FairPensions: US Schemes Voice Discontent With BP While UK Avoids Spotlight
(April 13, 2011) — Two large US pension funds — the $234.7 billion California Public Employees’ Retirement System (CalPERS) and the $156.8 billion Tallahassee-based Florida State Board of Administration (FSBA) — have joined a list voting against BP at its annual general meeting over anger at the Gulf of Mexico oil spill.
“CalPERS is concerned with the absence of information related to key performance indicators and re-evaluation of the board’s role in oversight of risk management,” the nation’s largest public pension said in a statement.
Both CalPERS and FSBA said they would oppose the approval of BP’s annual report and the re-election of Bill Castell, non-executive director and head of the safety, ethics and environment assurance committee, who faces resentment from investors over the way he handled the largest oil spill in US history.
CalPERS, which holds roughly $450 million in BP shares, will vote against approval, while FSBA, which manages more than $100 billion of securities, will also oppose, according to documents posted on their company websites. UK schemes, however, have not been as vocal in asserting their discontent as shareholders, according to FairPensions, a UK-based advocacy group. In response to the moves by the US schemes, Matthew Butcher, spokesperson of FairPensions said:
“As a group that is interested in active shareholders we have noticed that there seem to be a swathe of US investors who are happy to publically declare there intentions while very few investors here in the UK are doing so.”

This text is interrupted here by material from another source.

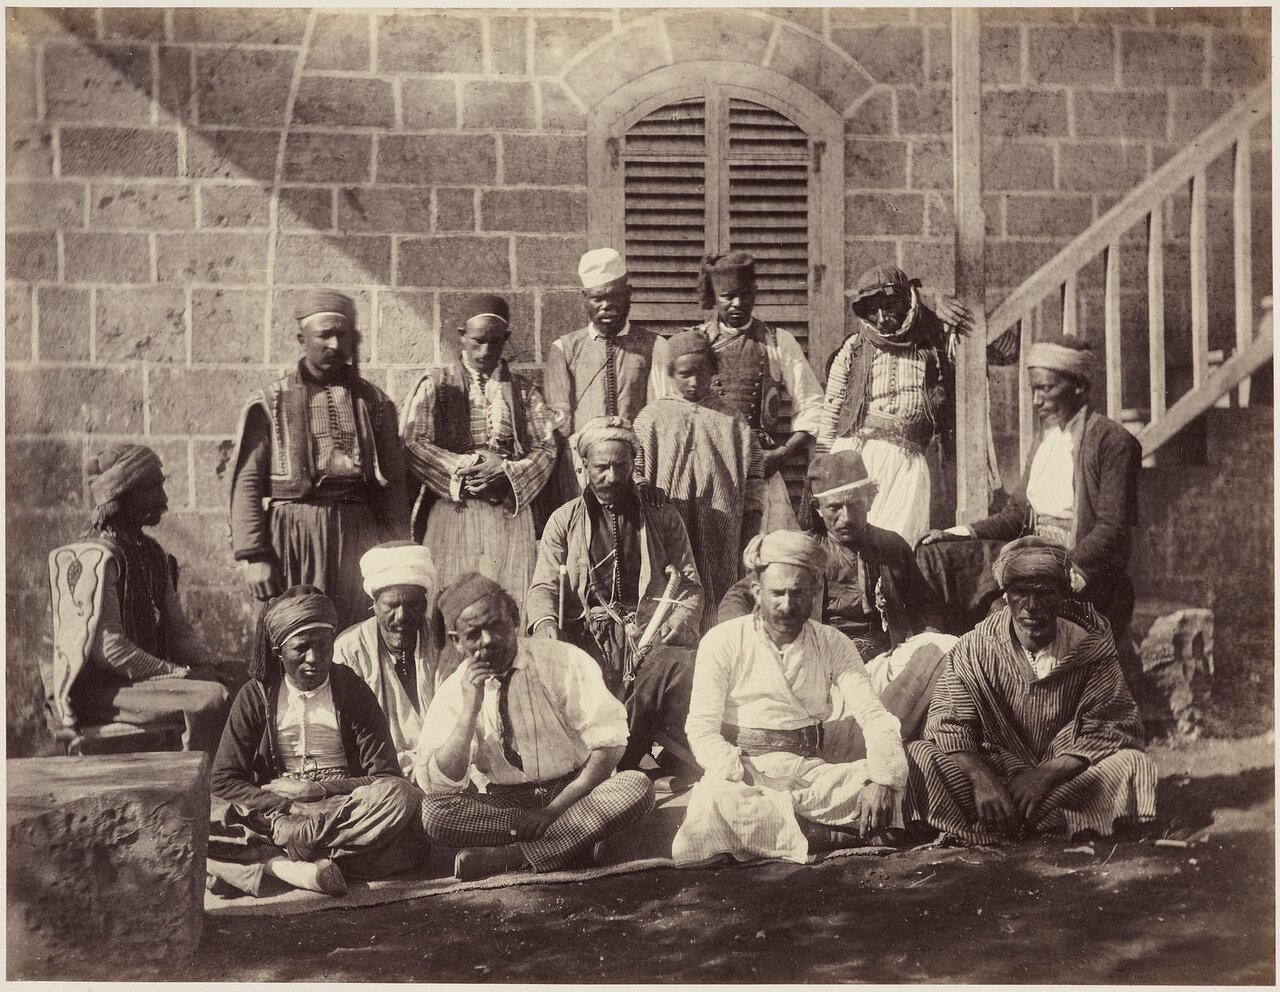 6 мая 1862. Обслуживающий персонал лагеря, Бейрут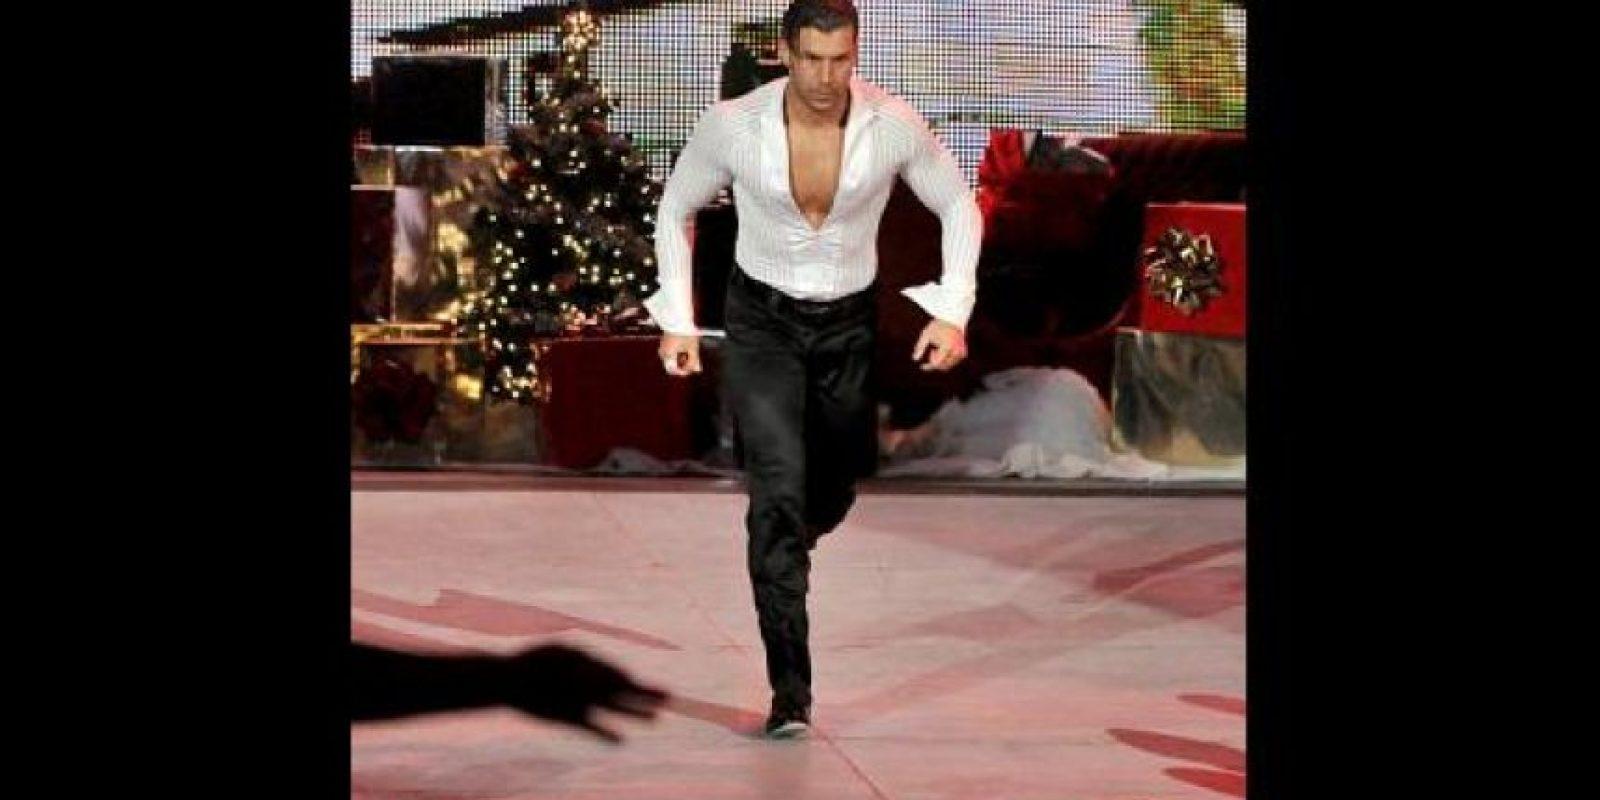 El luchador bailarín también entrará al ring en busca de una oportunidad titular en Wrestlemania Foto:WWE

Louise Rouse, director of engagement at FairPensions, added:
“Although investors from the United States and continental Europe have been coming forward to declare their voting intentions the majority of British investors have been conspicuous only by their silence in the run up to the most anticipated AGM of 2011…In the interests of market transparency and for the benefit of pensions savers, we would like to see many more large institutional investors in Britain follow the lead of overseas investors in declaring their voting intentions ahead of controversial AGMs.”
In June of last year, CalPERS revealed that it lost a total of $284.6 million in value following the oil disaster, which wiped out more than $1.4 billion from BP shares held by US state pensions. Other public retirement funds with large holdings in the oil giant included the California State Teachers’ Retirement System (CalSTRS), which lost roughly $104.8 million, followed by Florida’s state pension and the Texas Teachers Retirement System, according to Bloomberg data compiled following the disaster. “We are large enough to sustain reversals of individual portfolio companies,” CalPERS’ Clark McKinley told aiCIO in June. “As a long-term investor, we have been able to weather similar setbacks to other companies over the years. However, we certainly are concerned about the loss of BP share value and will be engaging the company to discuss the impact of the Gulf of Mexico crisis along with corporate governance issues.”